I looked up from my work on the bow and saw she was right. In the few moments since I’d gone forward the wind had built. It had been 10 knots, now it looked like 15.
“What’s it blowing?” I shouted.
Judy glanced at the instruments and said, “16 knots, it’ll be more outside!”
We’ve had these conversations before and Judy is usually right, more often than I am, about which sail to set.
“OK, get the blue bag up here.” I shouted to the forward hands, and in a second the #4 jib came up. Andy rigged it and I went aft to line up for the start.
We reached back and forth a couple of times to get a sense of the line and set our clocks to the radio call: “Five minutes…NOW!” I decided on a port start at the left end, not the bold move that it usually would have been because for this race, being a reaching start, port was the only way to go.
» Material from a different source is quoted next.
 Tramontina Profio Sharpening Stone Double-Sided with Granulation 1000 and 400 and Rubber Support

We tacked, with speed, to leeward of Galactica, and went for the pin end.
“Three, two, one, START”. We were first to cross and we headed out of Richards Bay towards the anchored ships offshore, which we were sailing around today, leading the fleet and pulling out fast.
So, a good start, a good head of steam, and we had the right sail, for which I am eternally thankful. We just shouldered down and charged out to sea ducking the spray and looking for the first mark, a ship named “Sanko” five miles out, should be bearing 126 degrees.
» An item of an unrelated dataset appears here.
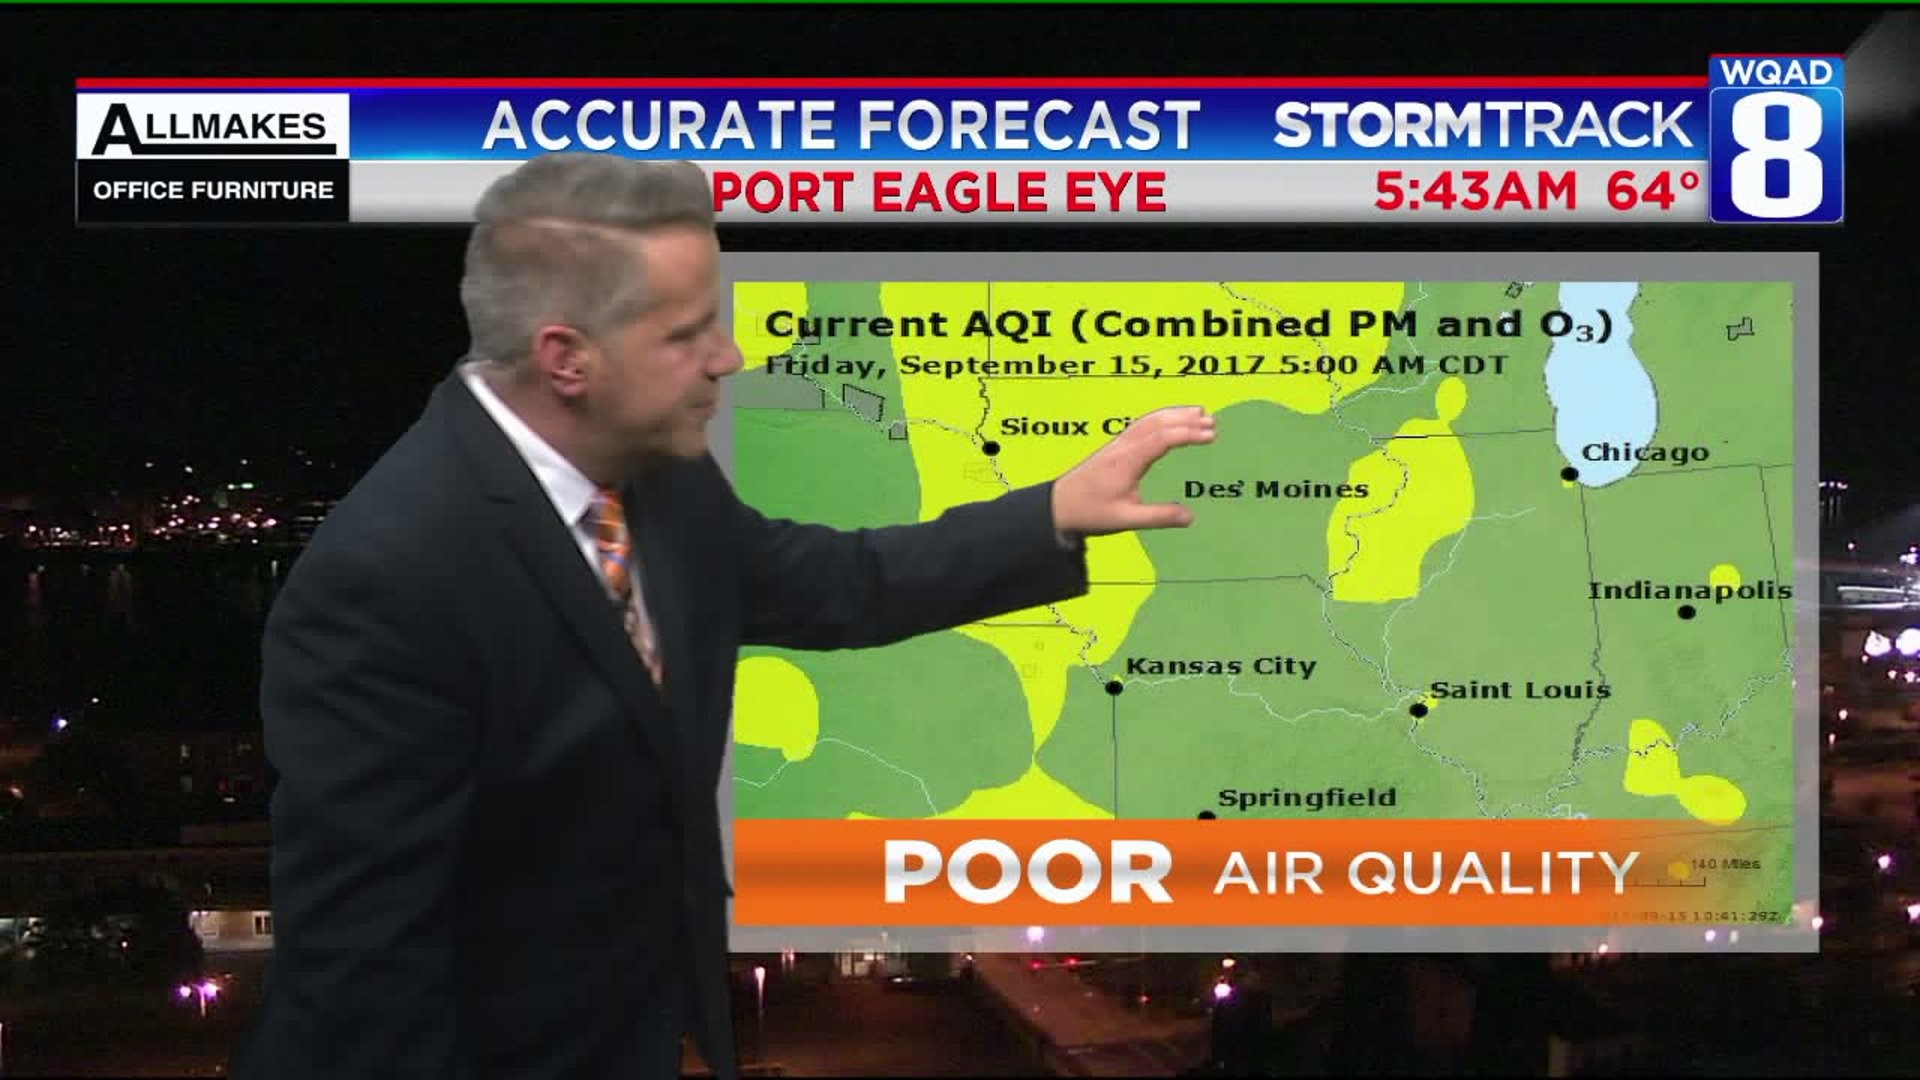 Eric explains why air quality is poor this morning

We could see the ship’s masts and we homed in on it. Nomad, the 56 foot catamaran, overtook us on the way, her crew cockily demonstrating to us how their beer bottles could sit calmly on their cockpit coamings while we were heeled at 25 degrees and there was nothing calm about our ride and no beer drinking either. But we got the last laugh on Nomad. They were a bit shorthanded being only two aboard, and no navigator; they headed off to the wrong next mark. On Wings we had the next mark already entered on our plotter and Judy gave me the course: 250 degrees. We turned to that heading and saw another ship anchored three miles away. That must be it. Nomad, by this time, was nearly hull down, heading off on a course of 150, towards oblivion we figured, or Durban.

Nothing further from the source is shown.